Angles formed by Two Intersection Lines – Students frequently have to determine the measures of the four angles formed by intersecting lines. They can check their results quickly when they realize that there will always be two sets of congruent angles, and that angles that are not congruent must be supplementary. They can also check that all four angles measures have a sum of $360 \;\mathrm{degrees}$.

Write on the Picture – In a complex picture that contains many angle measures which need to be found, students should write angle measures on the figure as they find them. Once they know an angle they can use it to find other angles. This may require them to draw or trace the picture on their paper. It is worth taking the time to do this. The act of drawing the picture will help them gain a deeper understanding of the angle relationships.

Proofs – The word proof strikes fear into the heart of many Geometry students. It is important to define what a mathematical proof is, and let the students know what is expected of them regarding each proof.

Definition: A mathematical proof is a mathematical argument that begins with a truth and proceeds by logical steps to a conclusion which then must be true.

The students’ responsibilities regarding each proof depend on the proof, the ability level of the students, and where in the course the proof occurs. Some options are (1) The student should understand the logical progression of the steps in the proof. (2) The student should be able to reproduce the proof. (3) The student should be able to create proofs using similar arguments.

## Classifying Triangles

Vocabulary Overload – Students frequently interchange the words isosceles and scalene. This would be a good time to make flashcards. Each flashcard should have the definition in words and a marked and labeled figure. Just making the flashcards will help the students organize the material in their brains. The flashcards can also be arranged and grouped physically to help students remember the words and how they are related. For example, have the students separate out all the flashcards that describe angles. The cards could also be arranged in a tree diagram to show subsets, for instance equilateral would go under isosceles, and all the triangle words would go under the triangle card.

Angle or Triangle – Both angles and triangles can be named with three letters. The symbol in front of the letters determines which object is being referred to. Remind the students that the language of Geometry is extremely precise and little changes can make a big difference.

Acute Triangles need all Three – A student may see one acute angle in a triangle and immediately classify it as an acute triangle. Remind the students that unlike the classifications of right and obtuse, for a triangle to be acute all three angles must be acute.

Equilateral Subset of Isosceles – In many instances one term is a subset of another term. A Venn diagram is a good way to illustrate this relationship. Having the students practice with this simple instance of subsets will make it easier for the students to understand the more complex situation when classifying quadrilaterals.

1. Draw and mark an isosceles right and an isosceles obtuse triangle.

Answer: The congruent sides of the triangles must be the sides of the right or obtuse angle.

This exercise lays the groundwork for studying the relationship between the sides and angles of a triangle in later chapters. It is important that students take the time to use a straightedge and mark the picture.
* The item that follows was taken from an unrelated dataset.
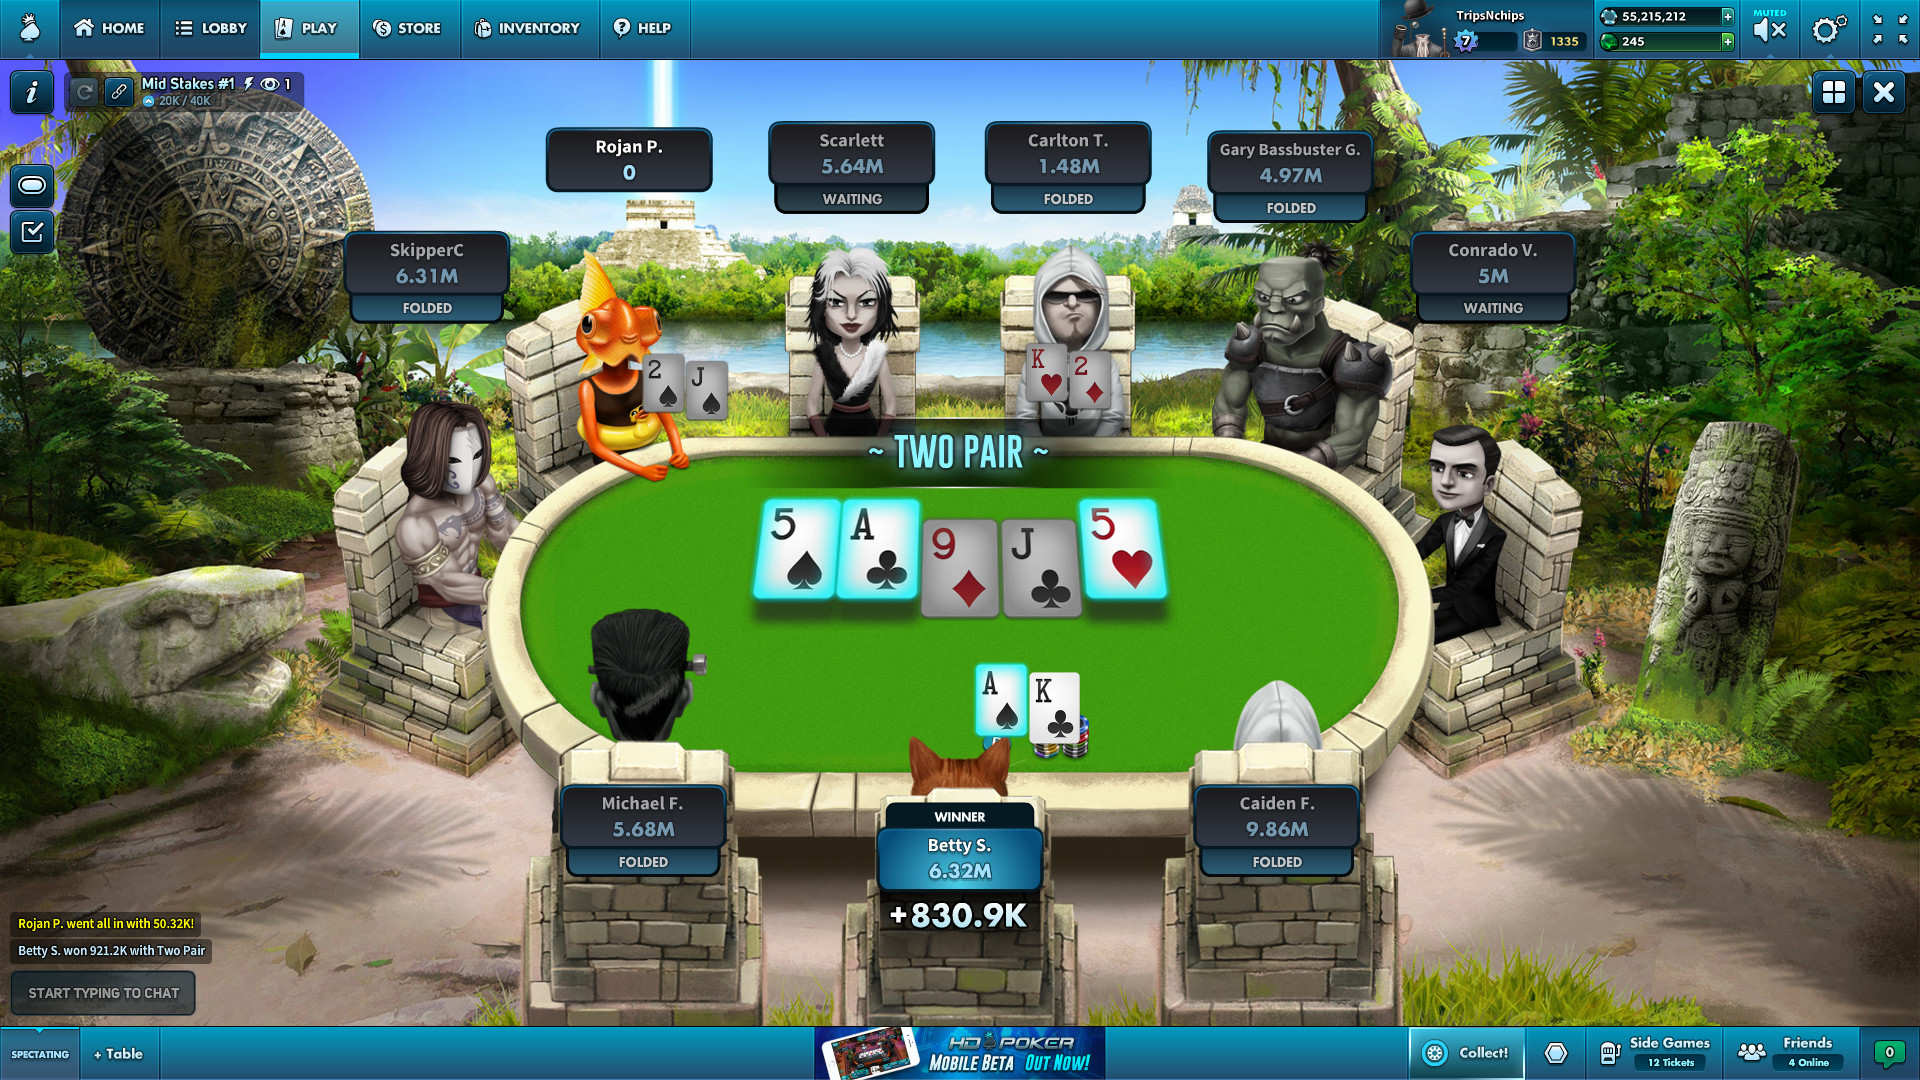 texas holdem computer game free download

Using and reading the tick marks correctly helps the students think more clearly about the concepts.

## Classifying Polygons

Vocab, Vocab, Vocab – If the students do not know the vocabulary well, they will have no chance at leaning the concepts and doing the exercises. Remind them that the first step is to memorize the vocabulary. This will take considerable effort and time. The student edition gives a good mnemonic device for remembering the word concave. Ask the students to create tricks to memorize other words and have them share their ideas.

Side or Diagonal – A side of a polygon is formed by a segment connecting consecutive vertices, and a diagonal connects nonconsecutive vertices. This distinction is important when student are working out the pattern between the number of sides and the number of vertices of a polygon.

Squaring in the Distance Formula – After subtracting in the distance formula, students will often need to square a negative number. Remind them that the square of a negative number is a positive number. After the squaring step there should be no negatives or subtraction. If they have a negative in the square root, they have made a mistake.

1. Find the length of each side of the triangle with the following vertices with the distance formula. Then classify each triangle by its sides.

a) $(3, 1), (3, 5)$, and $(10, 3)$

Answer: The triangle is isosceles with side lengths: $4, \sqrt{51}$, and $\sqrt{51}$.

b) $(-3, 2), (-8, 3)$, and $(-3, -5)$

Answer: This triangle is scalene with side lengths: $7, \sqrt{26}$, and $\sqrt{89}$.

Sometimes students have trouble seeing that they need to take the points two at a time to find the side lengths. By graphing the triangle on graph paper before using the distance formula they can see how to find the side lengths. If they graph the triangle they can also classify it by its angles.

## Problem Solving in Geometry

Don’t Panic – Problem solving and applications are particularly challenging for many students. Sometimes they just give up. Let the students know that this is difficult. They are probably going to struggle, have to reread the information several time, and will be confused for a while. It is all part of the process. This section will give them strategies to work through the difficulties.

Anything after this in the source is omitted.